AVAILABLE RECORDS:
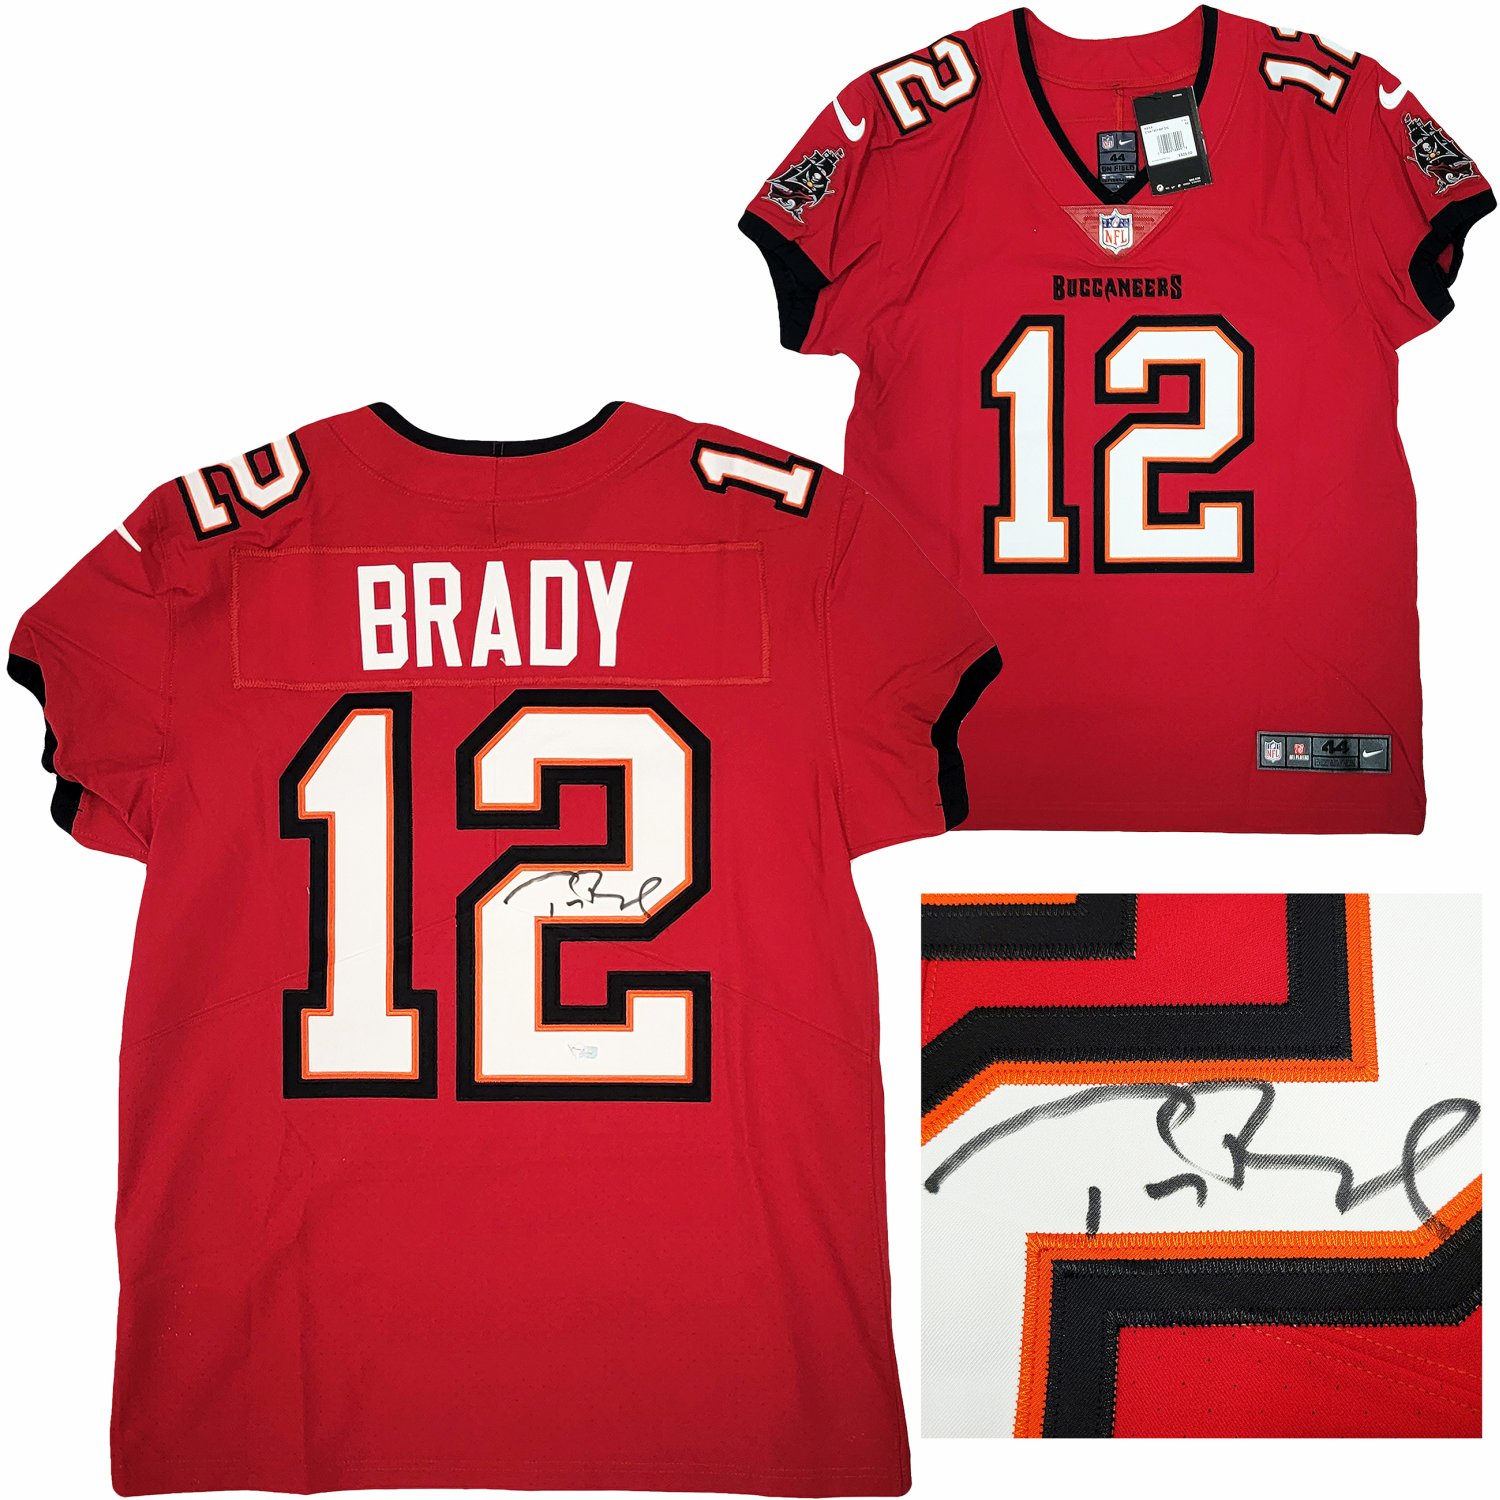 Tom Brady Autographed Signed Tampa Bay Buccaneers Red Nike Elite Jersey  Size 44 Fanatics Holo
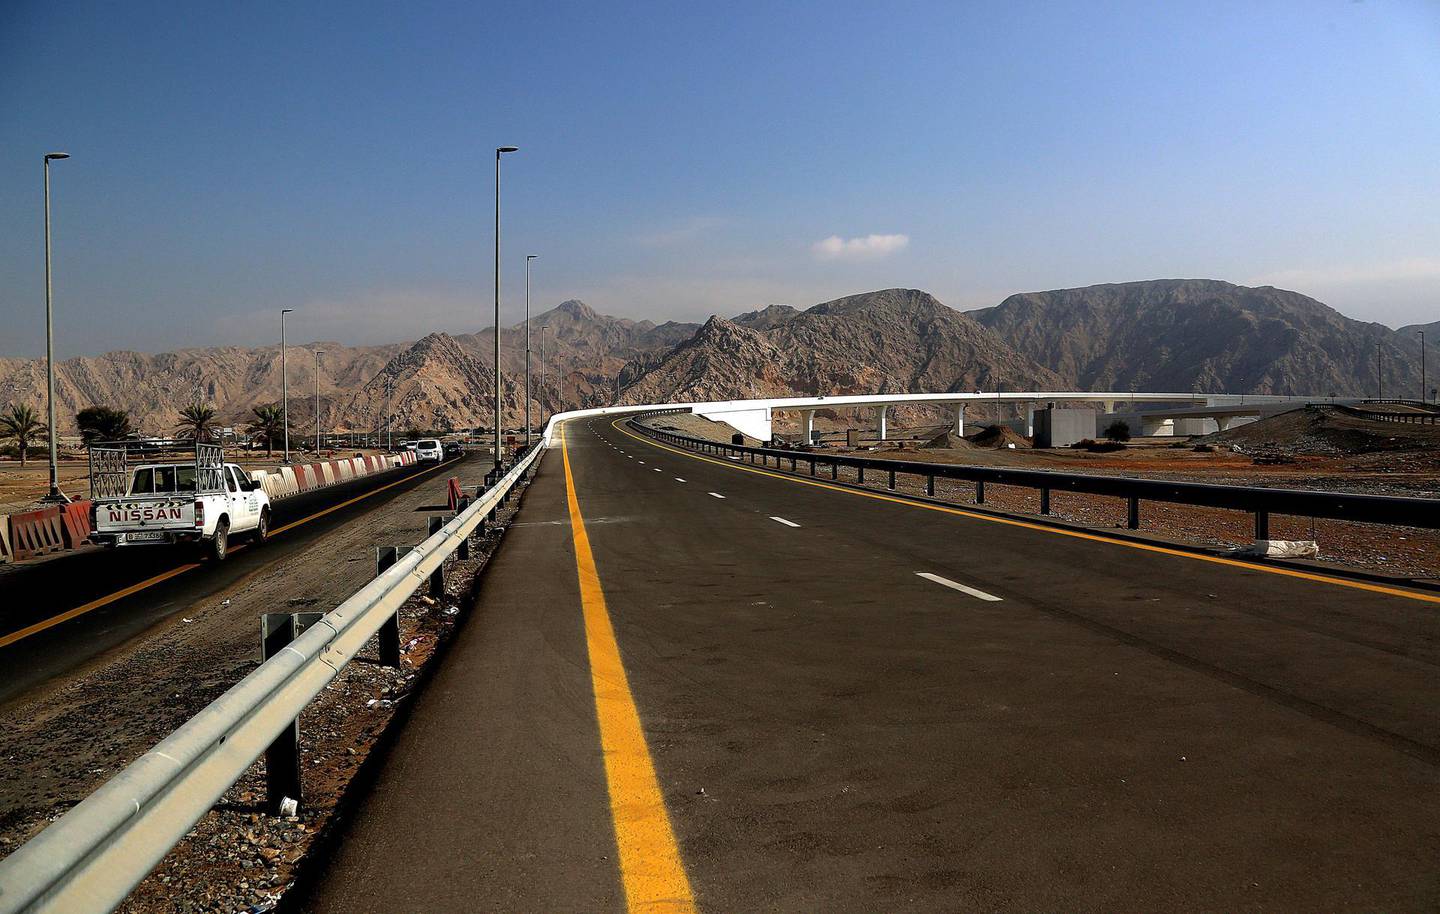 Ras Al Khaimah, Jan, 16, 2018: General view of the new ring road in Ras Al Khaimah. Satish Kumar for the National / Story by Anna Zacharias
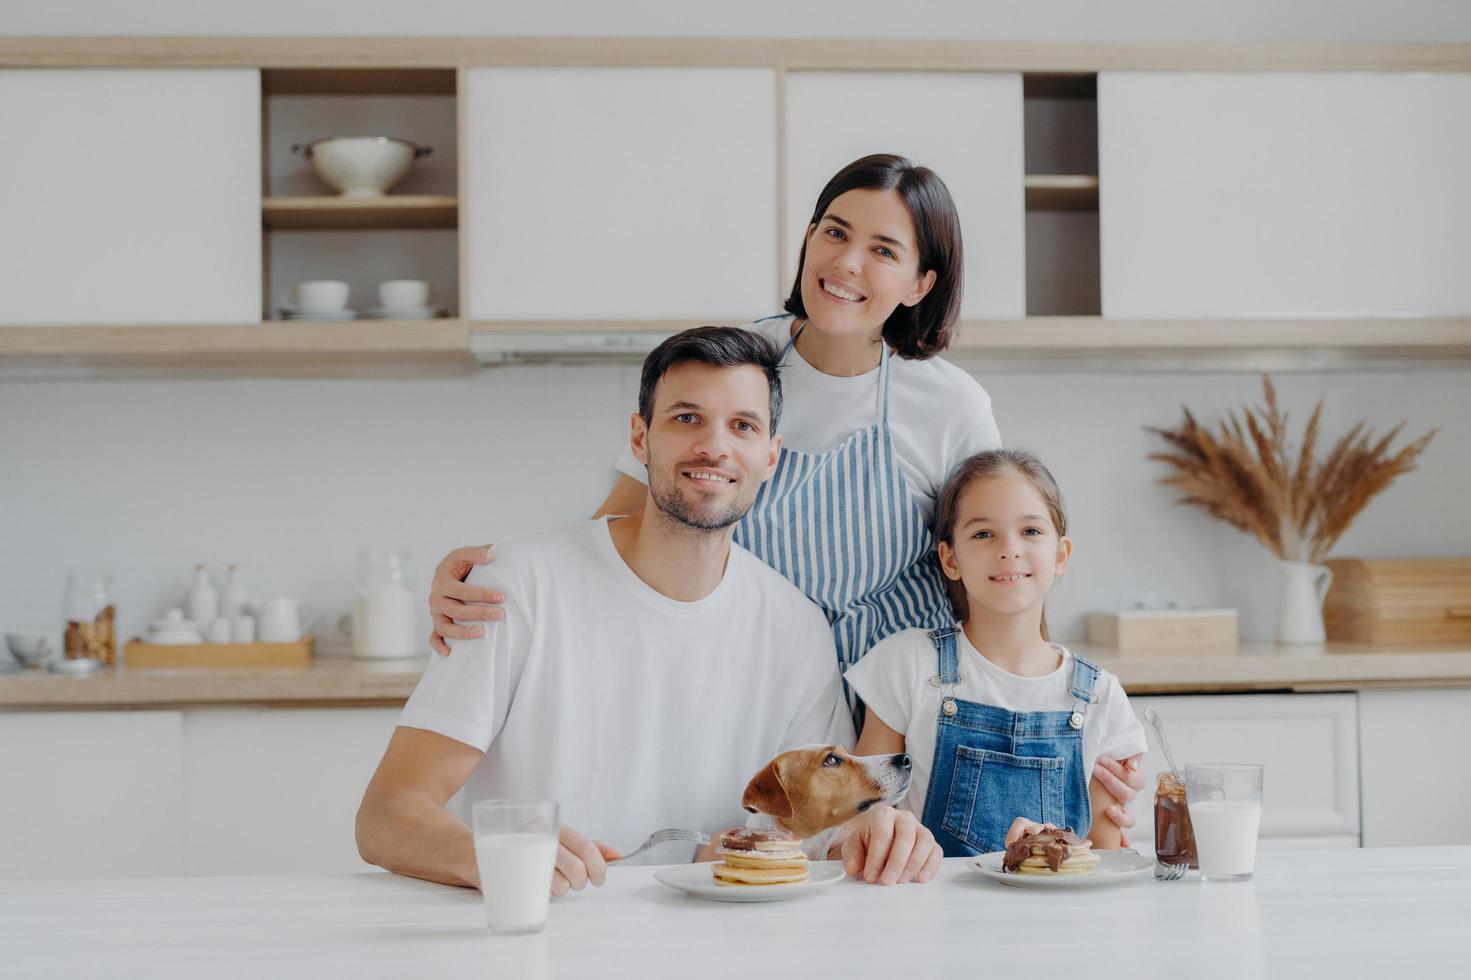 Smiling lovely mother and wife embrces with love daughter and husband, prepared delicious breakfast for them. Little child and father, their pedigree dog eat pancakes in kitchen. Friendly family photo
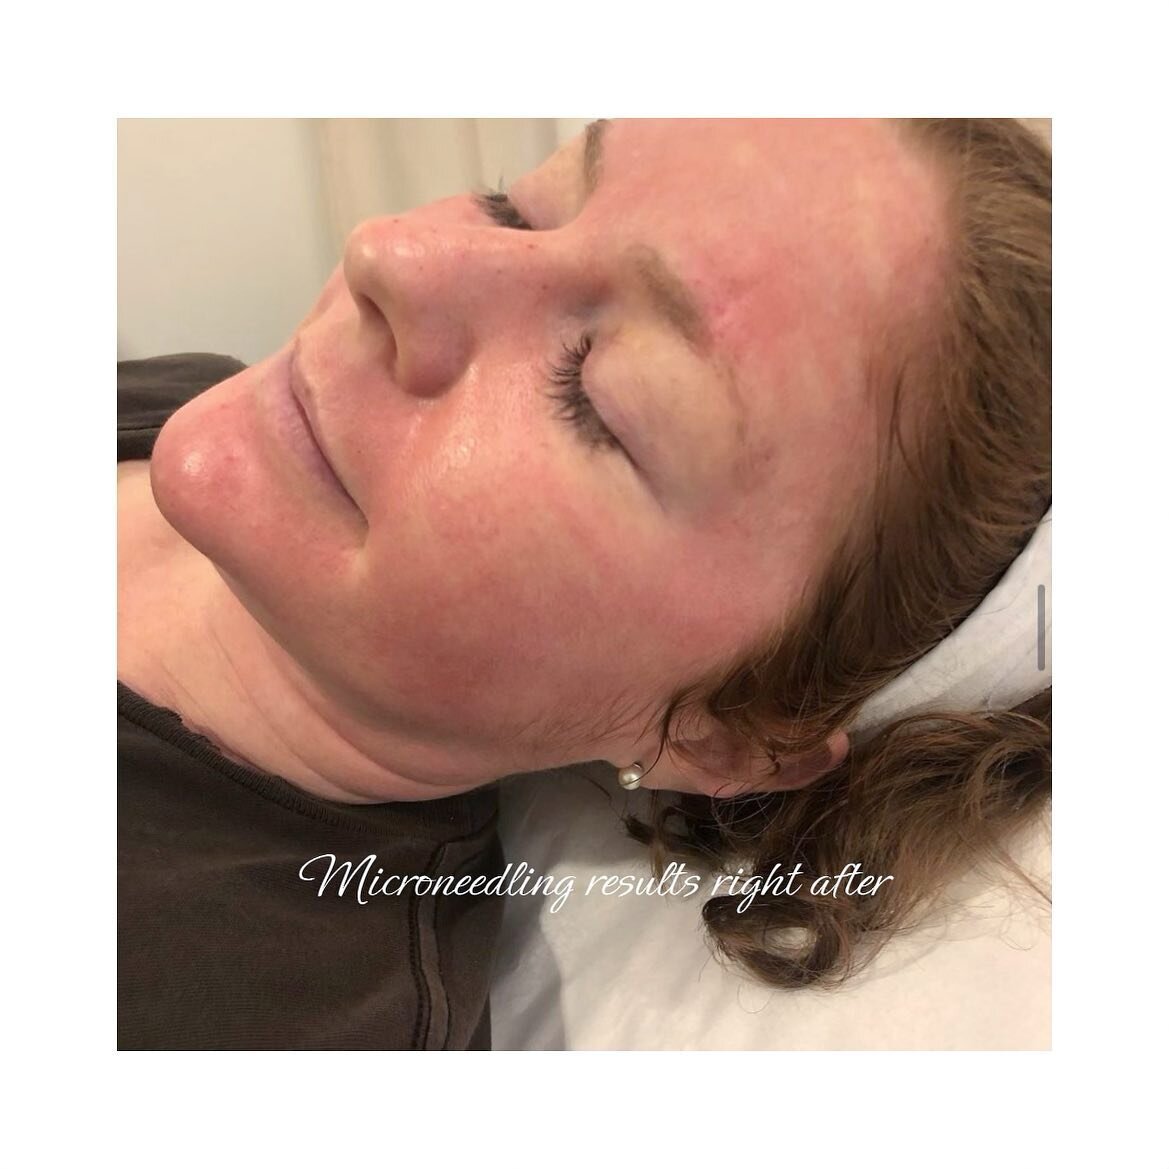 Right after #microneedling. Results set in 2-3 days after treatment. Inquire about our standalone microneedling or with a #PRP combination. #skincare
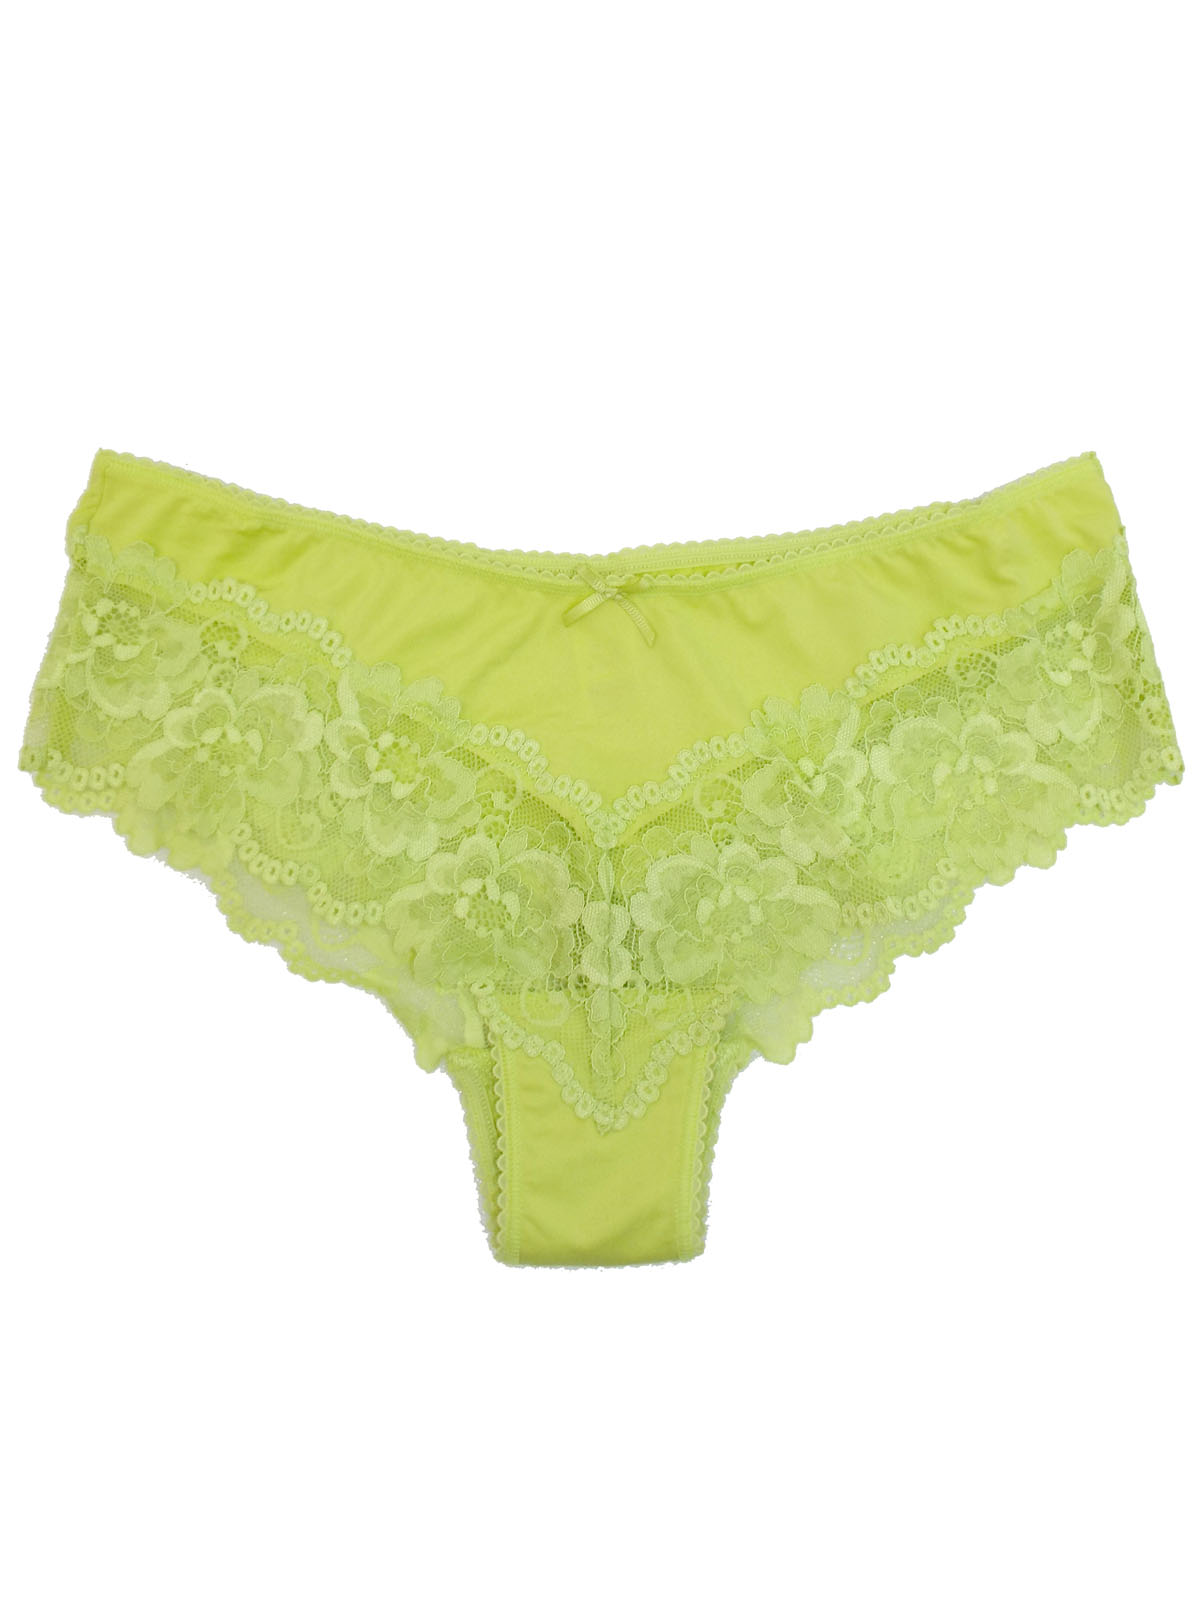 Marks and Spencer - - M&5 SOFT-LIME Lace Brazilian Knickers - Size 6 to 12

ASSIGNMENT: Your answer must be an exact copy of the lines above, from the line that contains "Smiling lovely mother" through the final line, with no pictures in it.

RESPONSE AREA:
 Smiling lovely mother and wife embrces with love daughter and husband, prepared delicious breakfast for them. Little child and father, their pedigree dog eat pancakes in kitchen. Friendly family photo
 Right after #microneedling. Results set in 2-3 days after treatment. Inquire about our standalone microneedling or with a #PRP combination. #skincare
 Marks and Spencer - - M&5 SOFT-LIME Lace Brazilian Knickers - Size 6 to 12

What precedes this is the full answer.